Dr. Wilhelm Füßl: Historiker und Leiter des Archivs des Deutschen Museums (seit 1992). Sein Forschungsinteresse gilt der Geschichte technischer Sammlungen und den Wechselwirkungen von Biografie und Technikgeschichte. Er publizierte 2005 die Biografie „Oskar von Miller 1855–1934“ und ist u.a. Herausgeber bzw. Mitherausgeber der Bücher „100 Jahre Konrad Zuse – Einblicke in den Nachlass" (2010), „Geschichte des Deutschen Museums. Akteure, Artefakte, Ausstellungen“ (2003) und „Biographie und Technikgeschichte“ (1998).

 

 

Metadaten als Herausforderung: Die Digitalisierung der Tonbänder der Sammlung Oskar Sala

Mag. Nadja Wallaszkovits (Phonogrammarchiv der Österreichischen Akademie der Wissenschaften, Wien)

Oskar Sala hinterließ insgesamt ca. 1200 analoge Tonbänder, die eine einzigartige Dokumentation seiner Arbeit darstellen. Diesen wertvollen Bestand in seiner Gesamtheit dauerhaft zu sichern und zu digitalisieren stellt eine besondere Herausforderung dar: Die Magnetbänder sind genauer betrachtet eigentlich keine reinen Tonträger, sondern Arbeitsmaterial, Notizbücher und nicht selten Gesamtkunstwerk in einem. Mit unzähligen Zwischenspännen, handschriftlichen Notizen und Markern versehen, stellen sie neben dem Audioinhalt auch eine einzigartige Fülle von zusätzlichen Informationen zur Verfügung.
Der Vortrag erläutert die Vorgehensweise von der Begutachtung der Geräte und Bänder, über die Ermittlung der Abspielparameter bis zur Entwicklung eines Konzeptes und der Digitalisierung und komplexen Metadatensicherung der Tonbänder Oskar Salas.

Nadja Wallaszkovits studierte Musik- und Theaterwissenschaft an der Universität Wien und arbeitete nach einer Ausbildung zum Diplom Audio Engineer, SAE, seit 1988 als Tonmeisterin in den Studios des Wiener Konzerthauses und für verschiedene nationale und internationale Schallplattenproduktionen.

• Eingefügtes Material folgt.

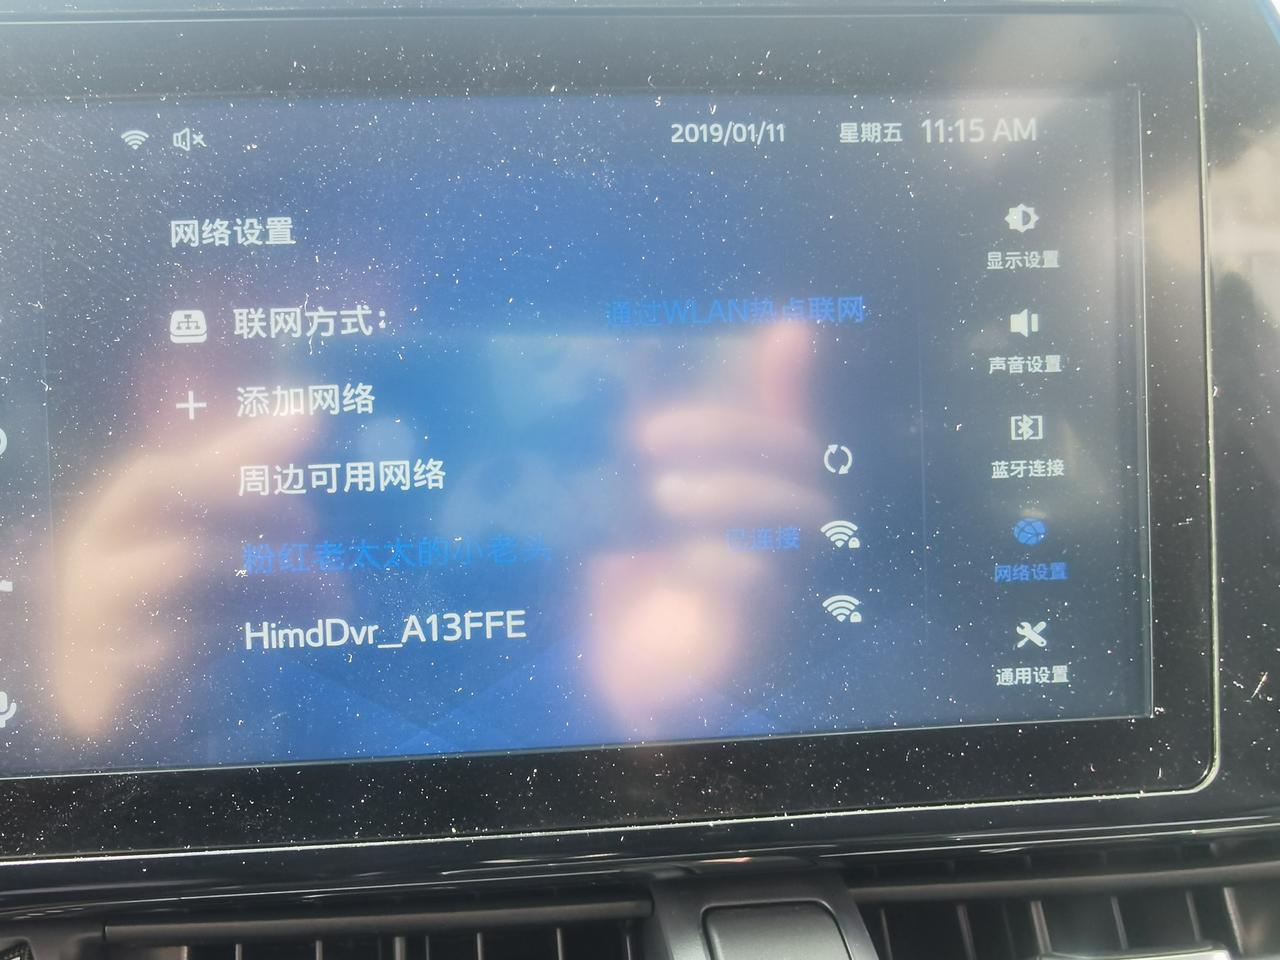 丰田C-HR 各位大神，我的车从上个月25号突然之间显示无网络，不能网络连接，连上自己的手机热点还是显示请检查网络，到底

Seit 1998 ist sie Mitarbeiterin des Phonogrammarchivs der Österreichischen Akademie der Wissenschaften, wo sie als Leiterin der Audioabteilung für die konservatorische und technische Betreuung der Sammlung, sowie für die Digitalisierung der Bestände verantwortlich ist. Sie ist als Trainerin und Konsulentin für Nationale und Internationale Institutionen tätig und Mitglied der technischen Komitees der AES und IASA (International Association for Sound and Audiovisual Archives).